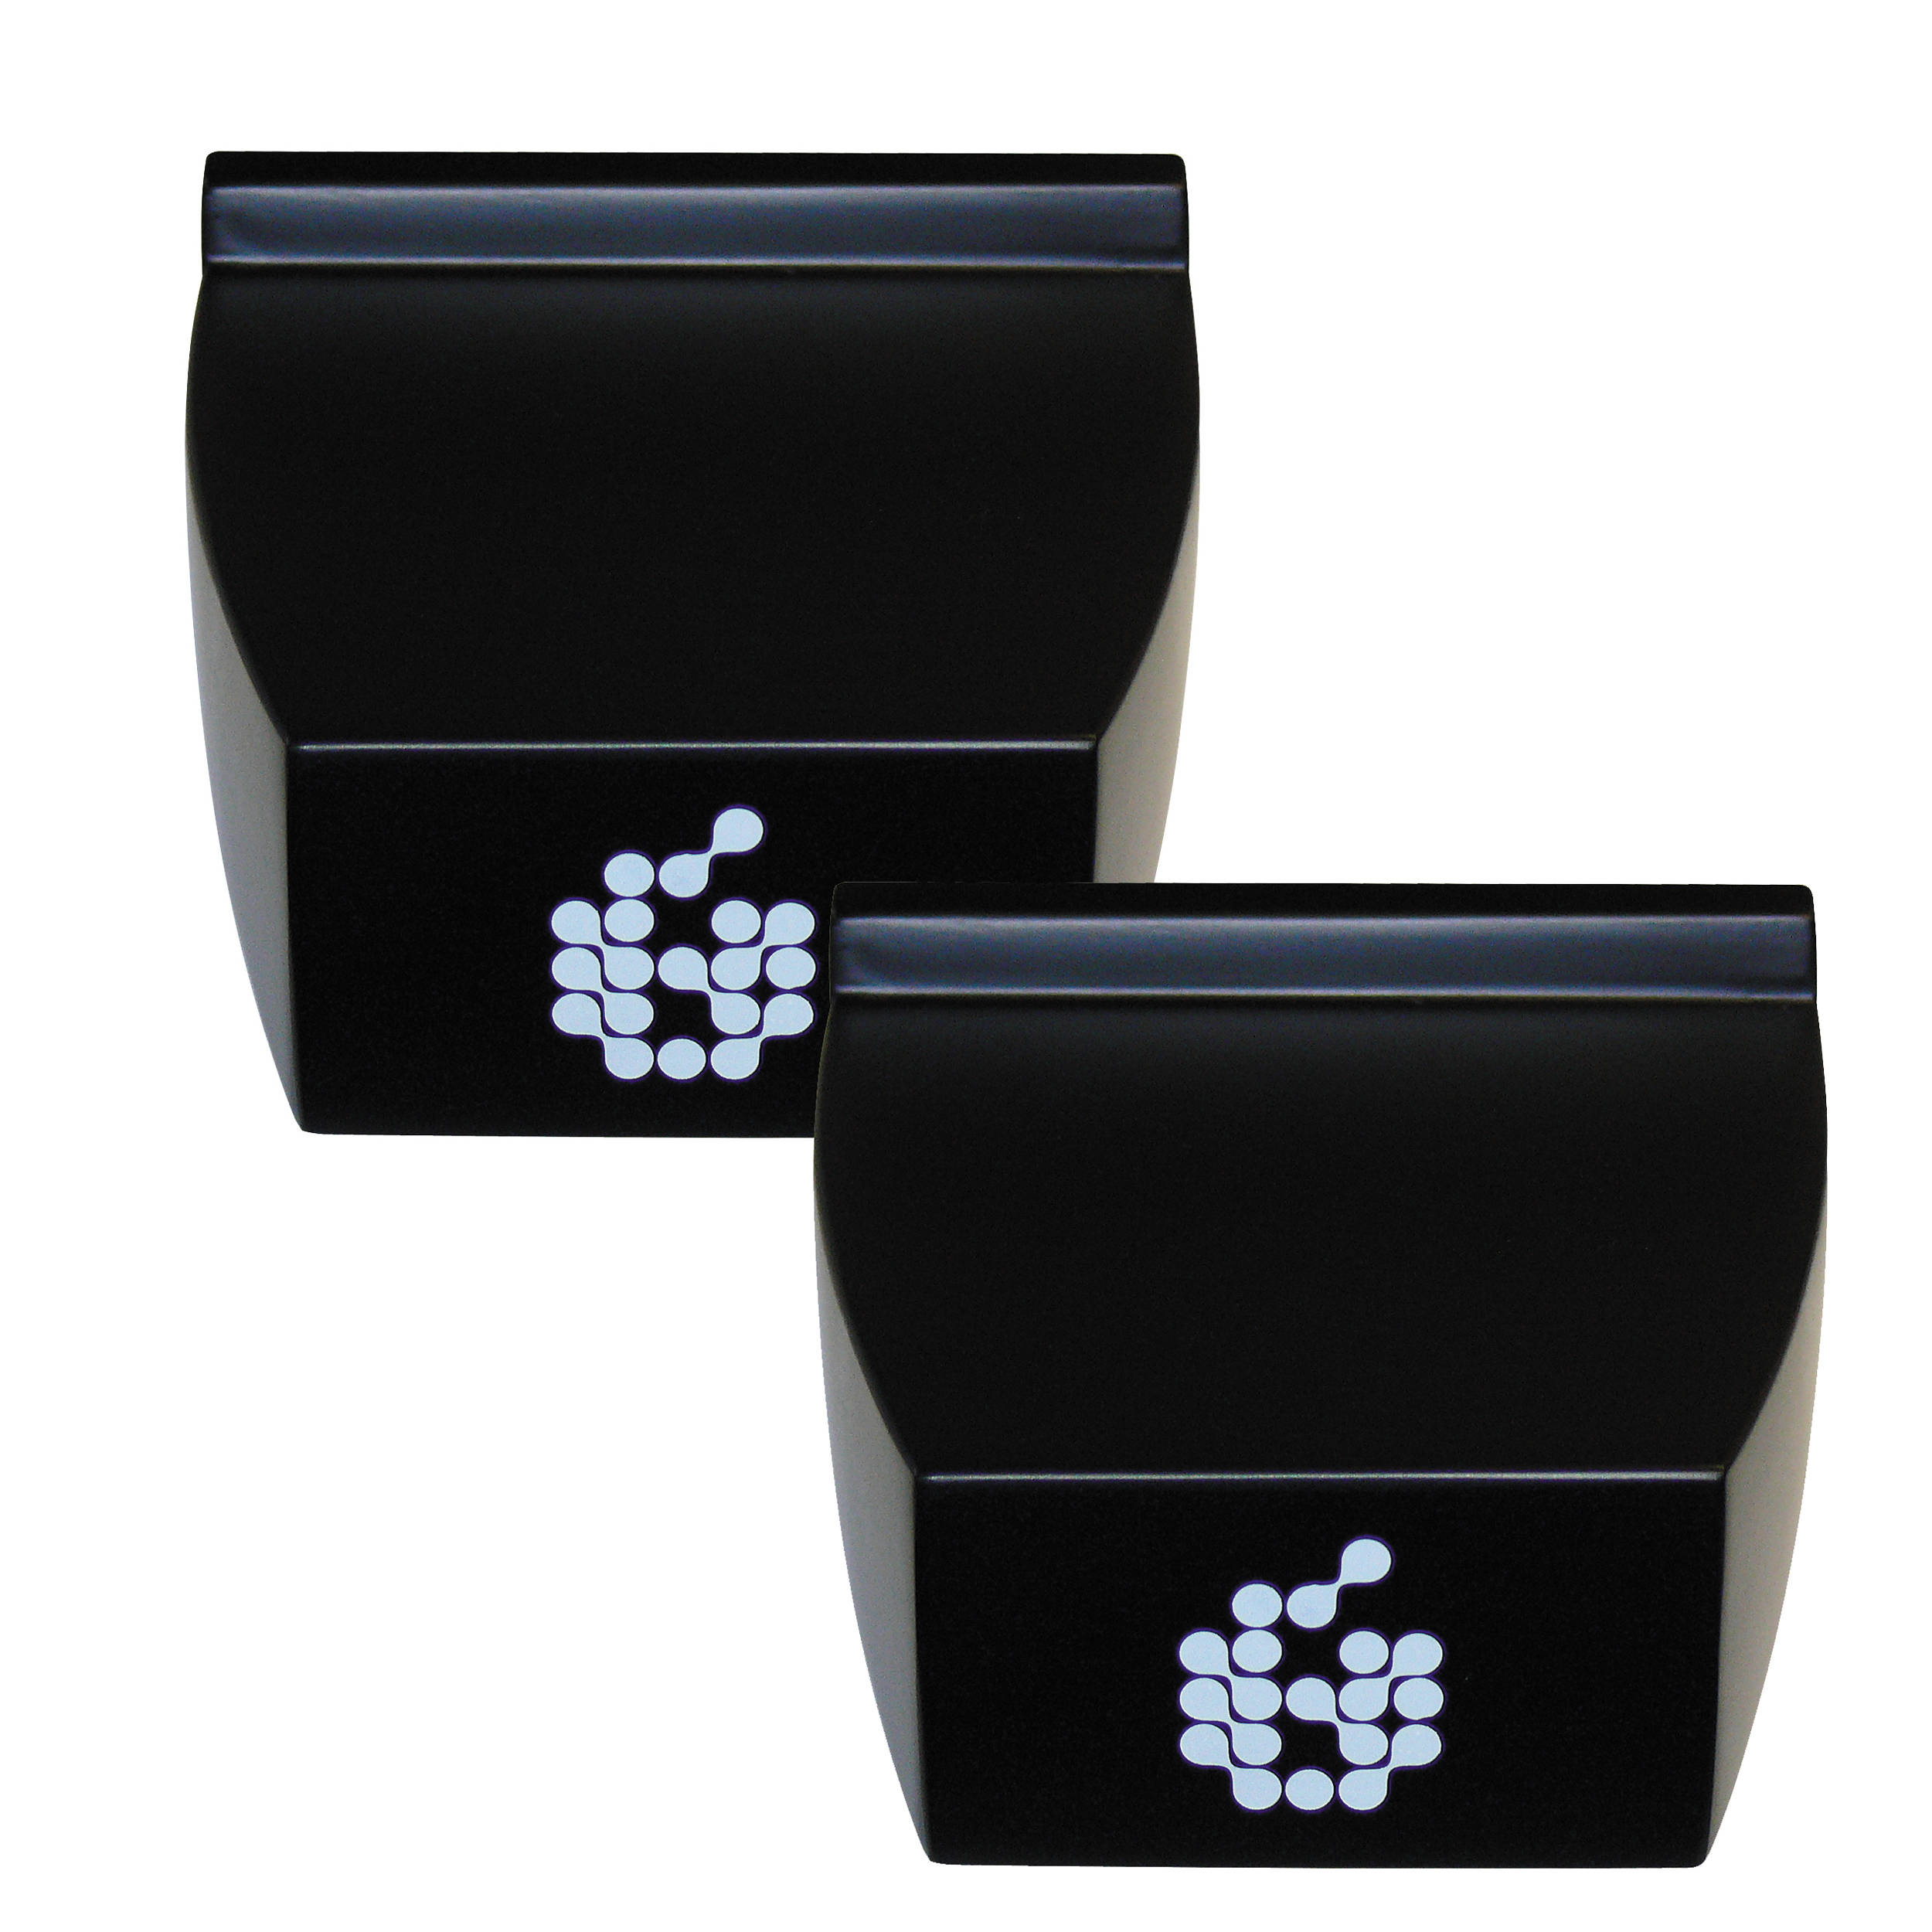 Tremendous Adam Professional Audio A5X Stands Desktop Stands For A5X Monitors Pair Interior Design Ideas Jittwwsoteloinfo
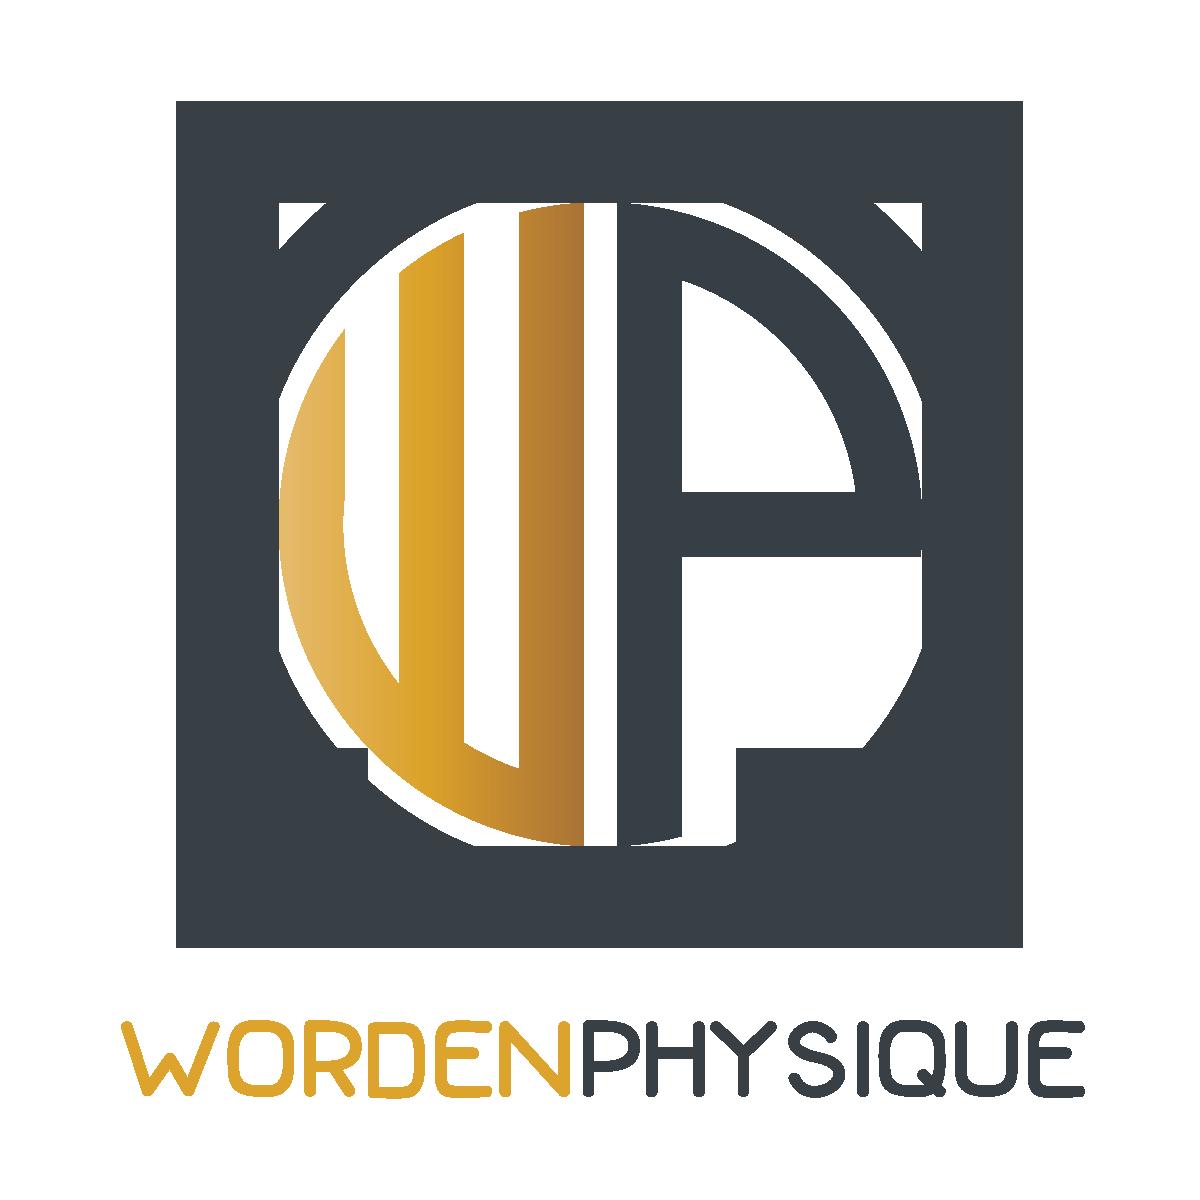 Worden Physique
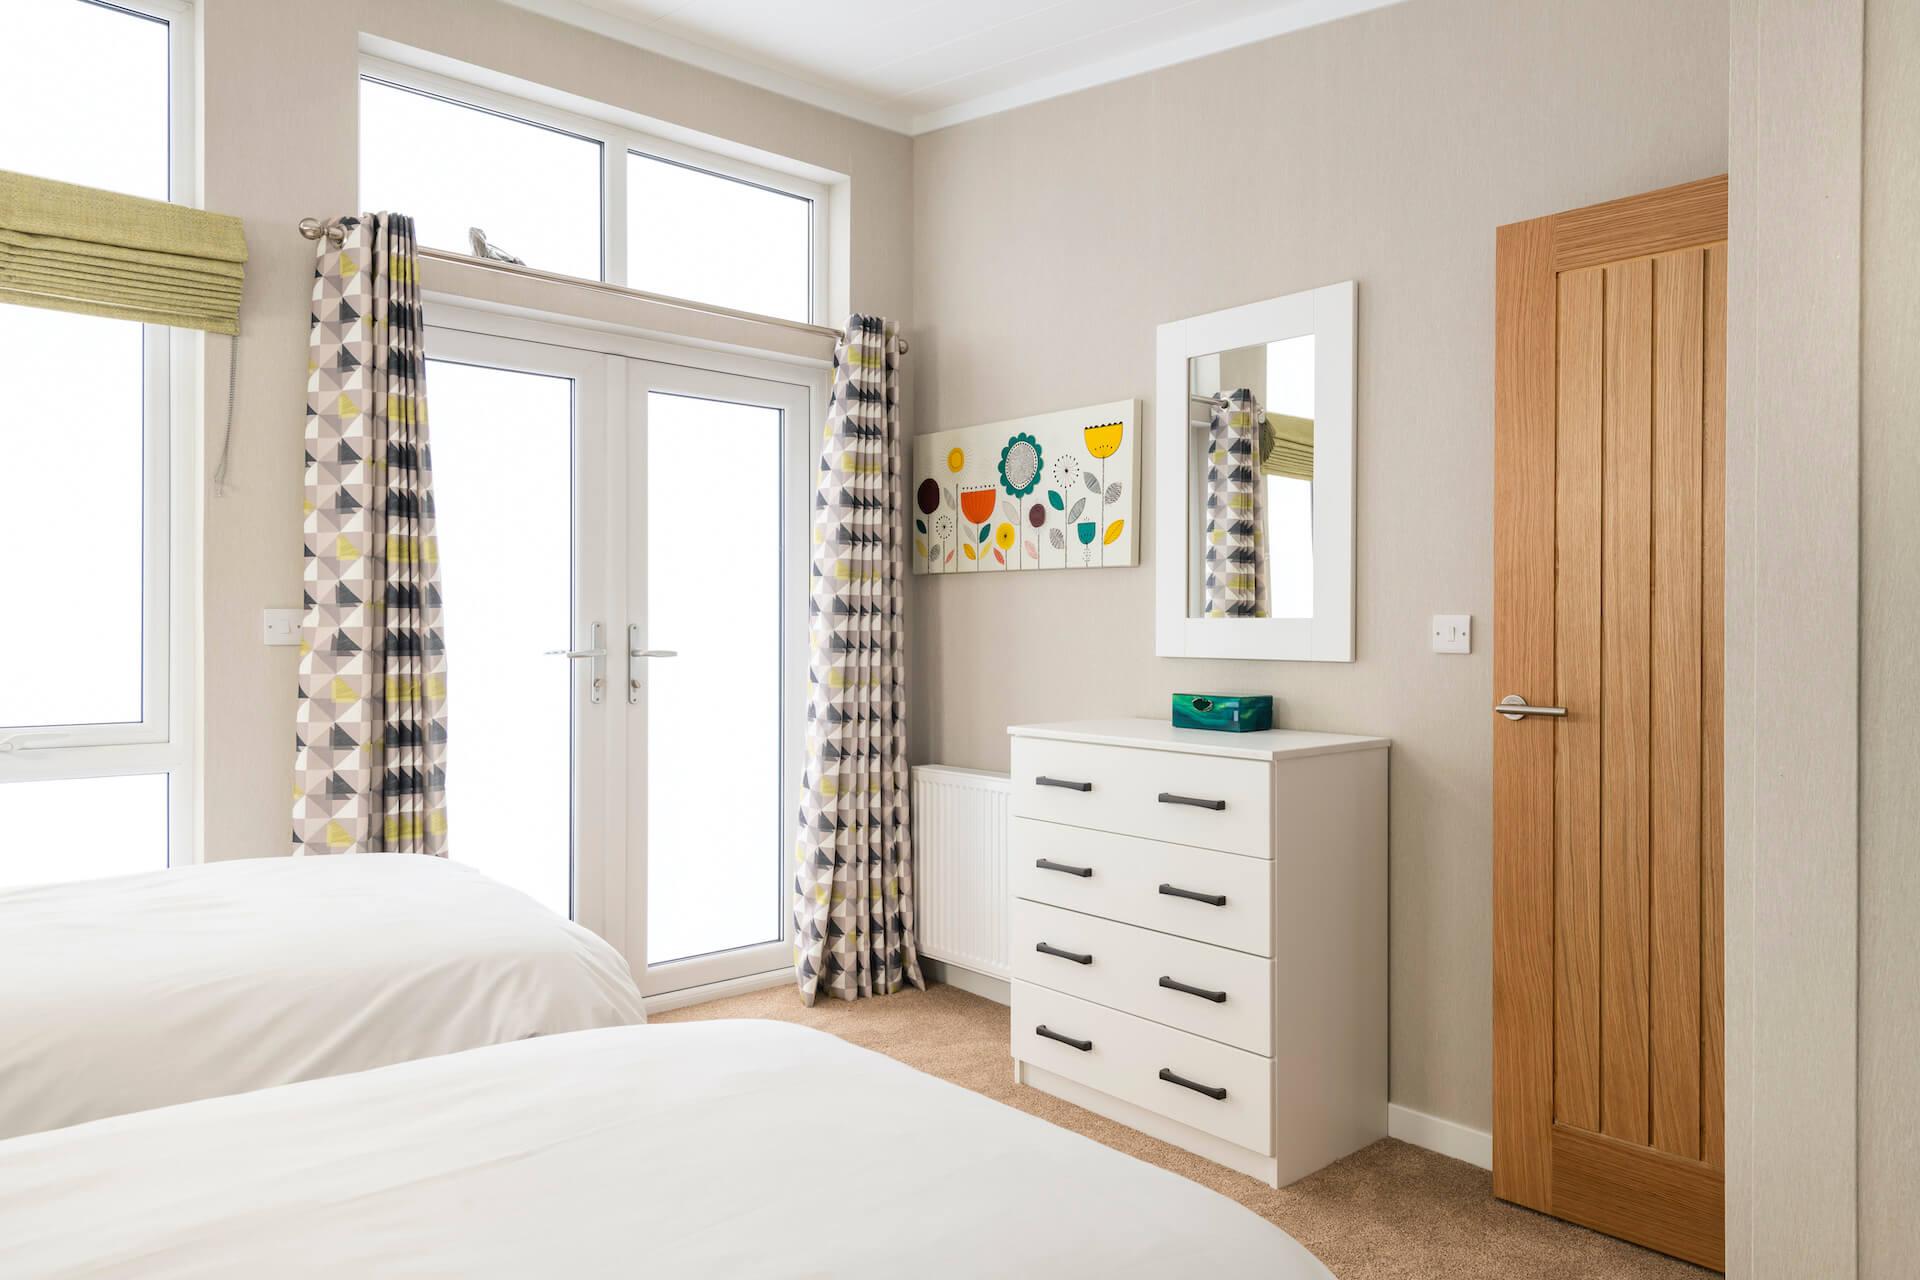 Omar-Atrium-Monopitch-Second-Bedroom

*Work required*
Write out the material above exactly. Skip the pictures.

*Response to this task*
 Tremendous Adam Professional Audio A5X Stands Desktop Stands For A5X Monitors Pair Interior Design Ideas Jittwwsoteloinfo
 Worden Physique
 Omar-Atrium-Monopitch-Second-Bedroom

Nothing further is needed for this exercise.